Wednesday, July 15, 2009

July 15, 2009

I went to the grocery last night and did some of my food shopping...wow, that was harder than I thought it would be! It seemed like the addiction part of this whole thing was very very strong, I wanted to rip open a bag of cookies and eat them right here, the cheese aisle I wanted to go crazy and buy a bunch of cheese.
I turned my head when I walked by the pop tarts so I didn't have to see them!
It was very difficult but I do have this to say being on a very tight budget, my grocery bill went WAAAAYYYYY down! That is exciting to me!

So far we are actually doing very very well. I am not finding it hard to eat this way at all. I had a salad yesterday that had strawberries and blueberries on it, and we have both agreed that this one is our favorite. The day before it was tomatoes cut up, walnuts, onions, and black beans. I had never had black beans but they tasted great!
I am having a difficult time getting a smoothie combination that I like. I did one yesterday with a banana, soy milk and mixed berries, the taste was great but I had to pull about 20 seeds out of my mouth every time I took a drink! We will figure it out. I need to use more fruits that don't have seeds. I am going to try a banana peach combination tomorrow. I find that I really like Almonds natural, raw and fresh. They taste so good!

The cooked veggies at night is proving difficult too, we are rushing here and there and it is difficult fixing a "quick" dinner. Another area we need to work on.

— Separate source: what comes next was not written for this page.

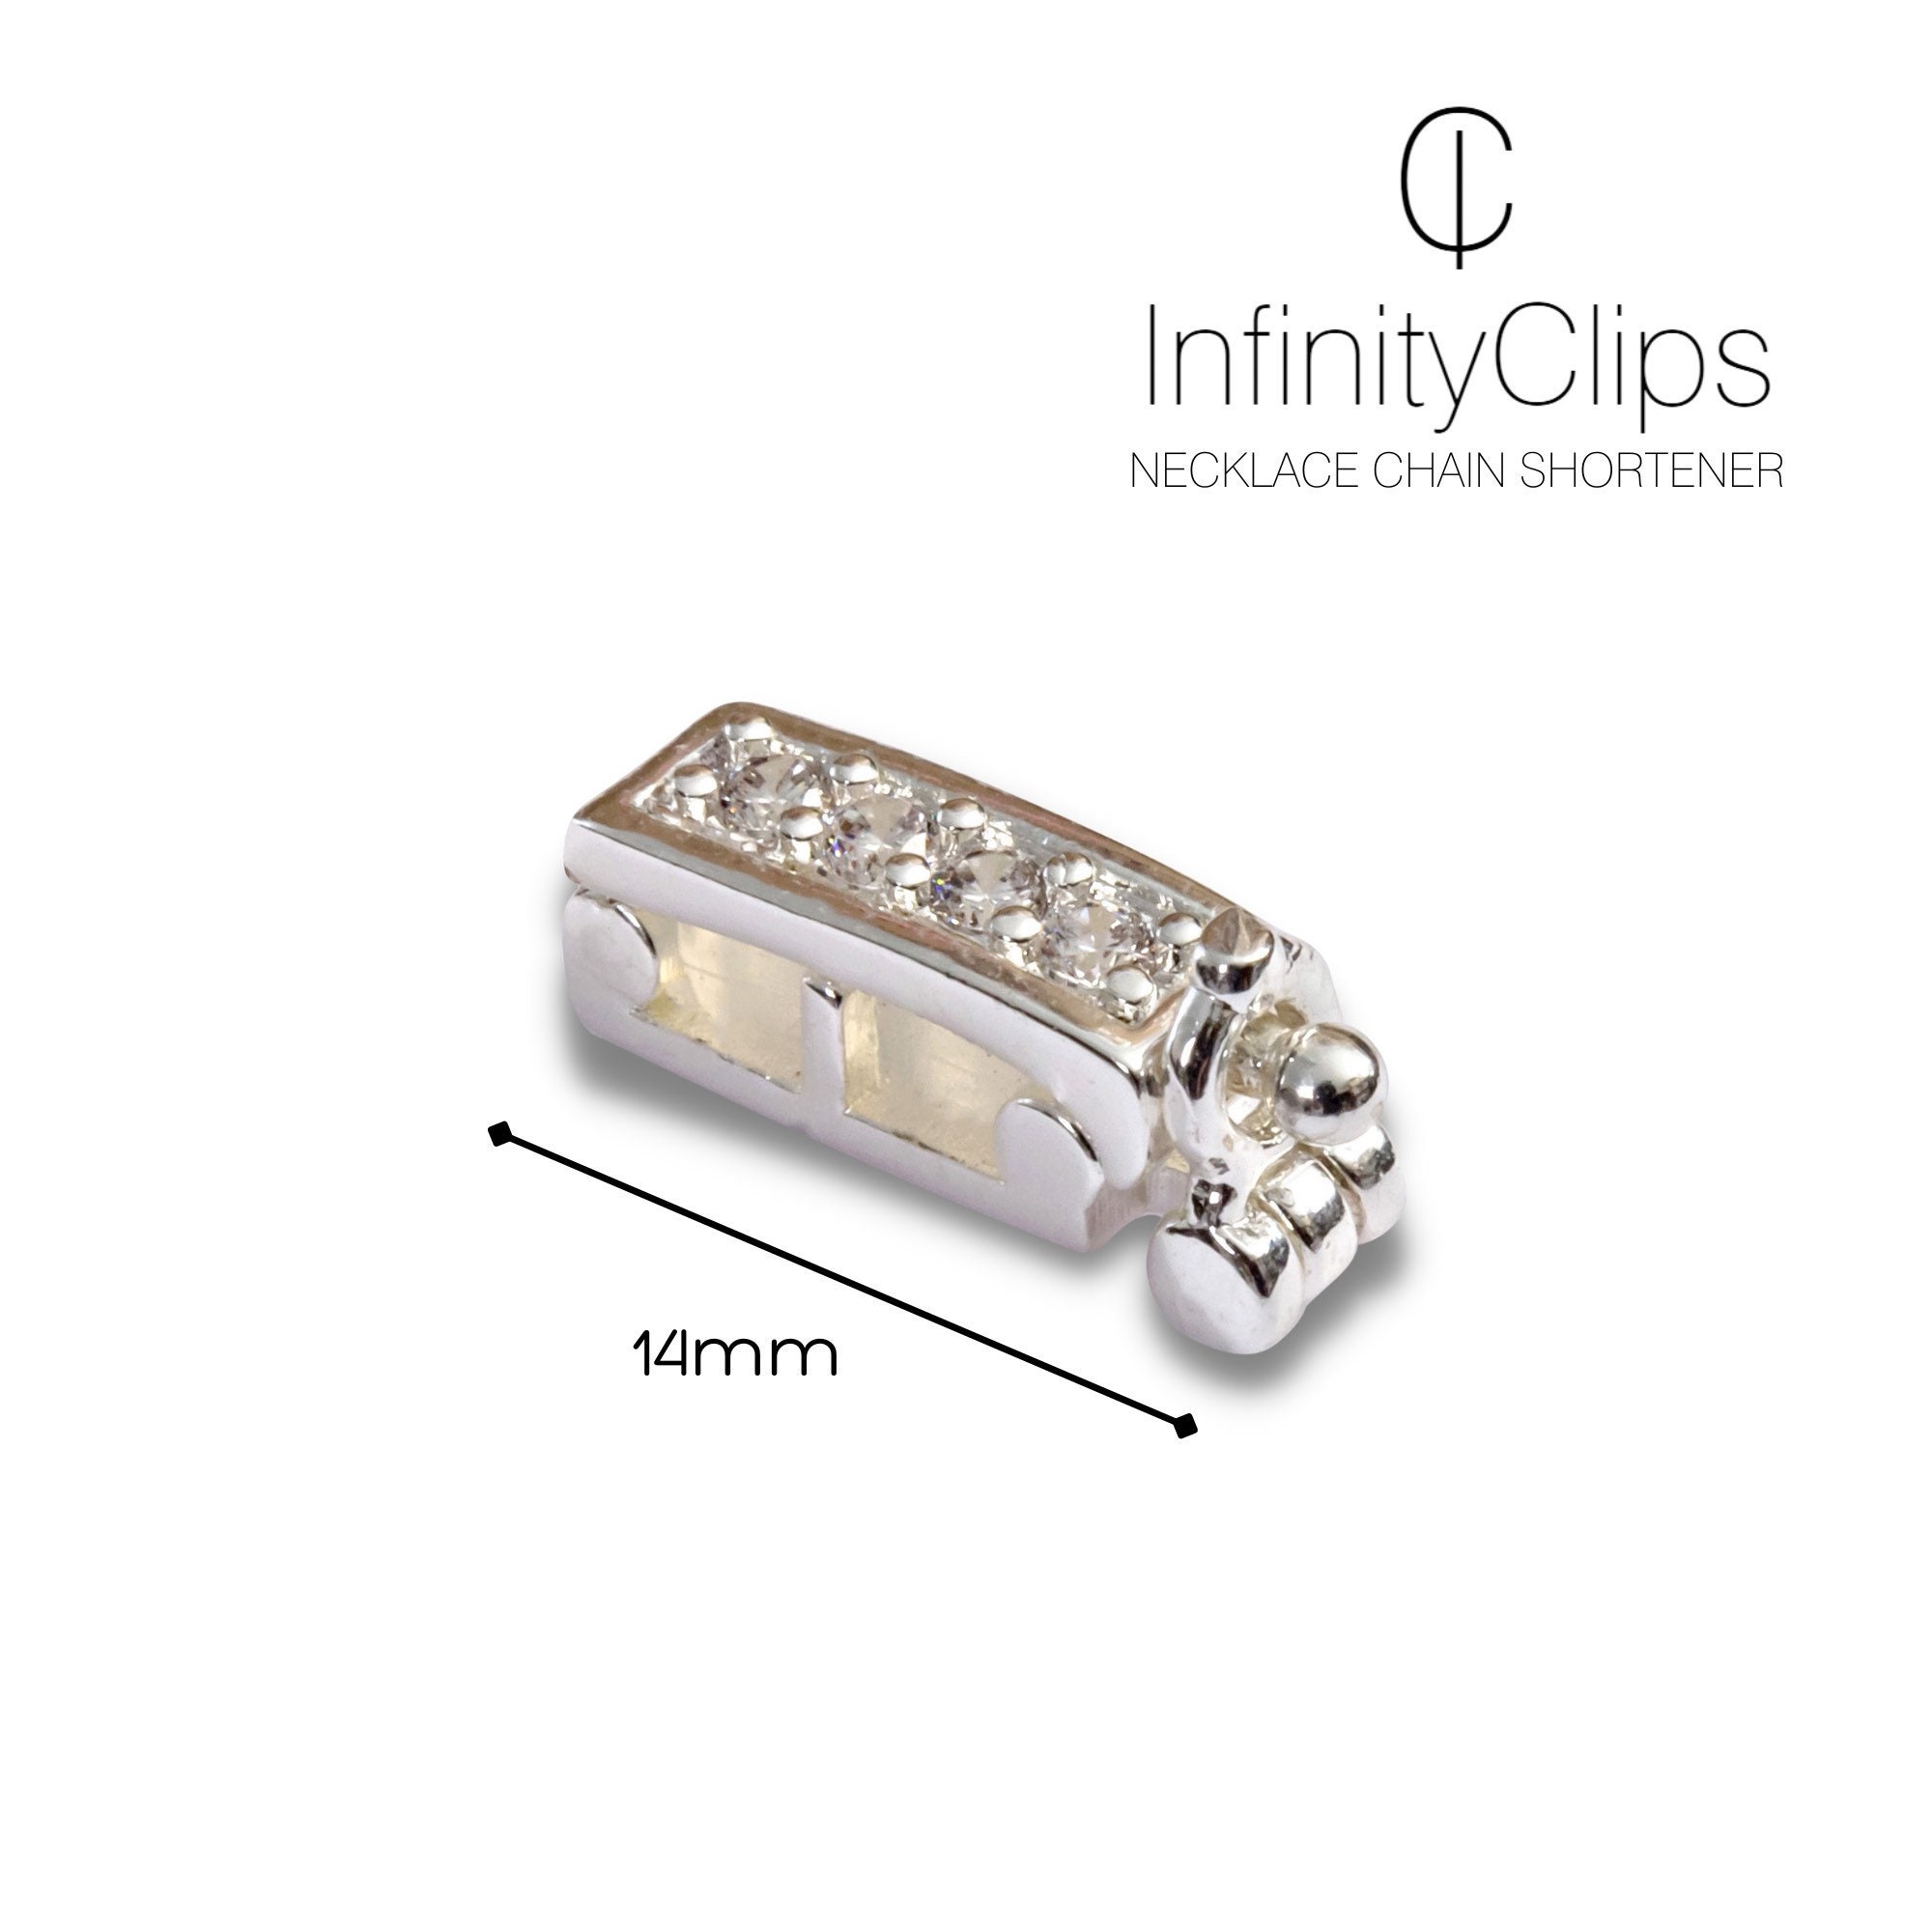 Infinity Clips Small Classic Gold Necklace Shortener With Safety Clasp,  Chain Shortener, Clasp for Necklace

Poor Olivia though...she has a mouth full of cold sores from eating this way. We need to find out what is causing it. I posted on the forum about it to see if Dr. Fuhrman had any suggestions for it. I am also still very sick and putting off going to the doctor to get more antibiotics and trying to get better on my own. The first round of antibiotics didn't get rid of my extremely sore throat and ears full of fluid. I am hoping that my immune system will kick into high gear pretty soon.

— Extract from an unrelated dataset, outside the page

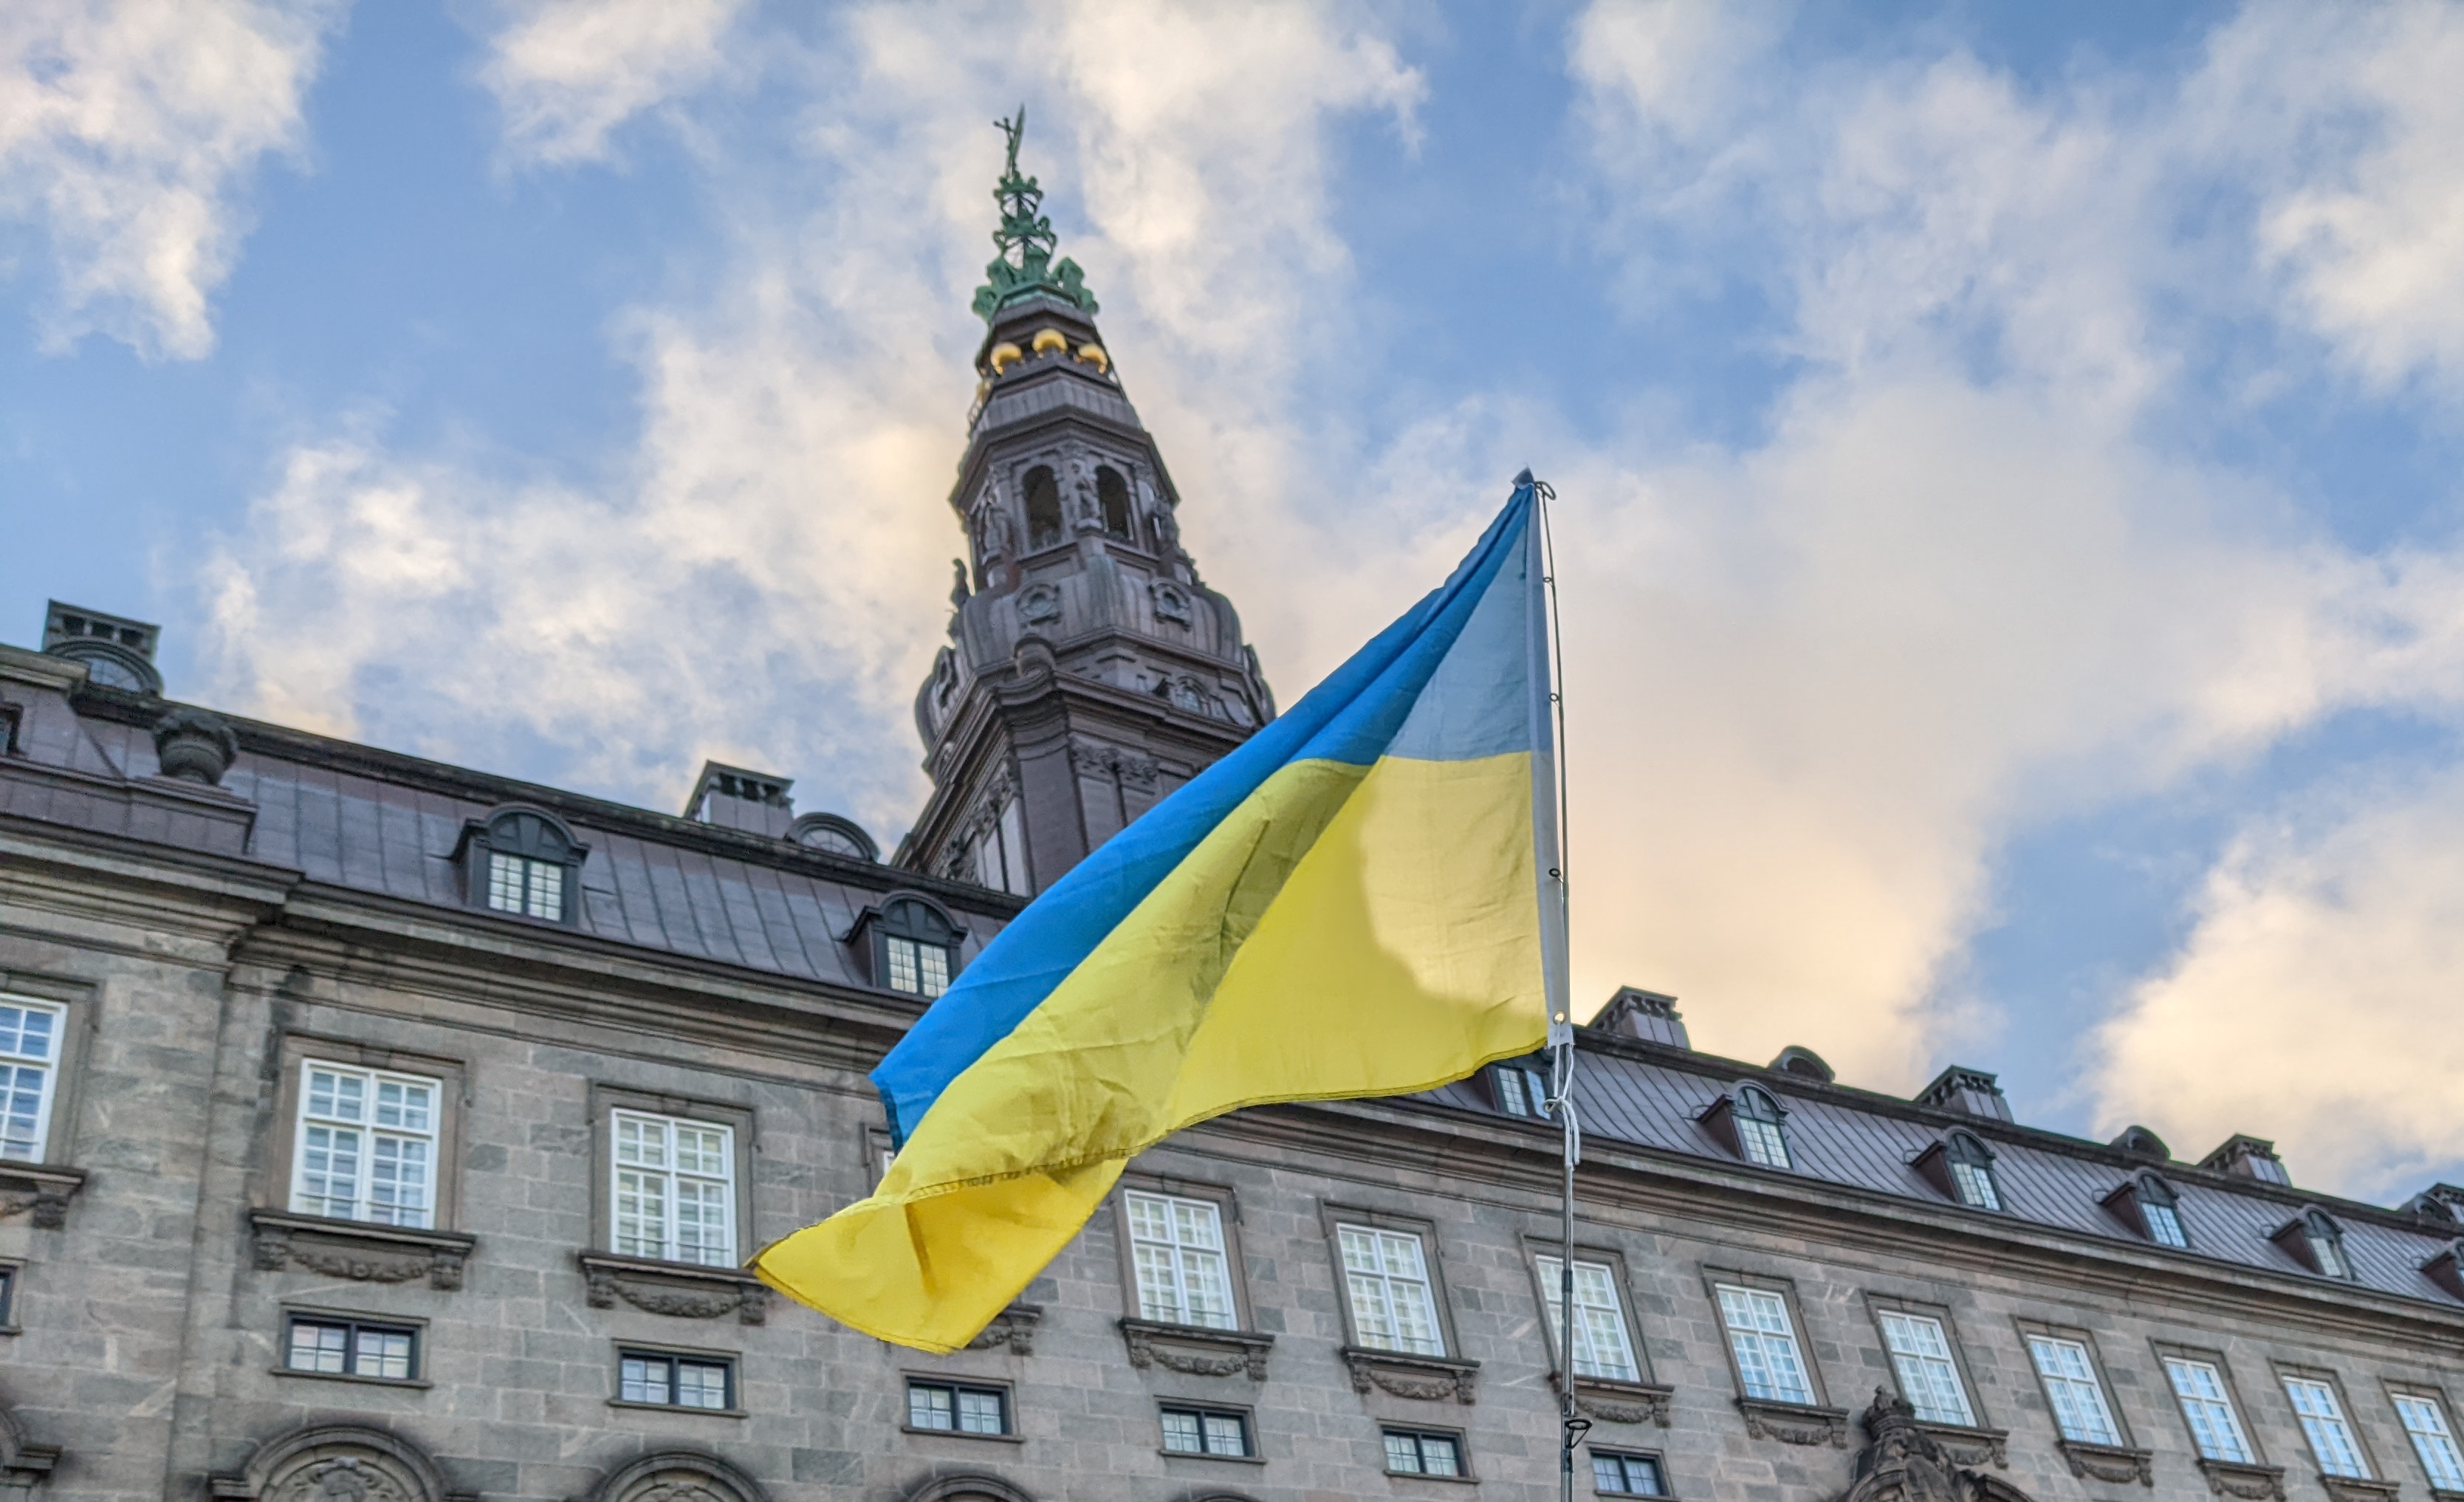 Denmark is making a major new contribution to Ukraine

We are getting our before pictures taken tonight. My brother in law has a photo studio and he is going to take our pictures.
I am determined to do this....I am so excited about being skinny, active and healthy again. I want to go kayaking, and rollerblading and a whole host of other things and I can't do it in this body! I am also looking forward to not getting sick anymore as well.

Another aspect of this? I have a LOT of people watching me to see how I am doing. Not only do I risk disappointing myself but a lot of other people as well if I don't stick with this and lose the weight. Many of whom are overweight or unhealthy that really need what Dr. Fuhrman is trying to teach. So many say, "oh I couldn't do that" but I think they can if they want it bad enough.

I talked about the temptation in the grocery store, but I also noticed a LOT of unhealthy overweight people like myself, reading labels on yogurt, or picking up cheese. One family had a cart full of doritos, chips, pop, cereal, and very little fresh fruit and vegetables. The father reached in and got some frozen mixed berries and the wife said, "we will never eat those" and he put them back. They had three small children.....I wish I had hundreds of copies of Eat to Live to hand out.....I look at what is in the grocery stores and just shake my head. It is sad really.

Well I can only take care of myself and my family and that is what I am starting to do. I look forward excitedly to what the future holds and being thin and healthy again! Whoooo hooooo!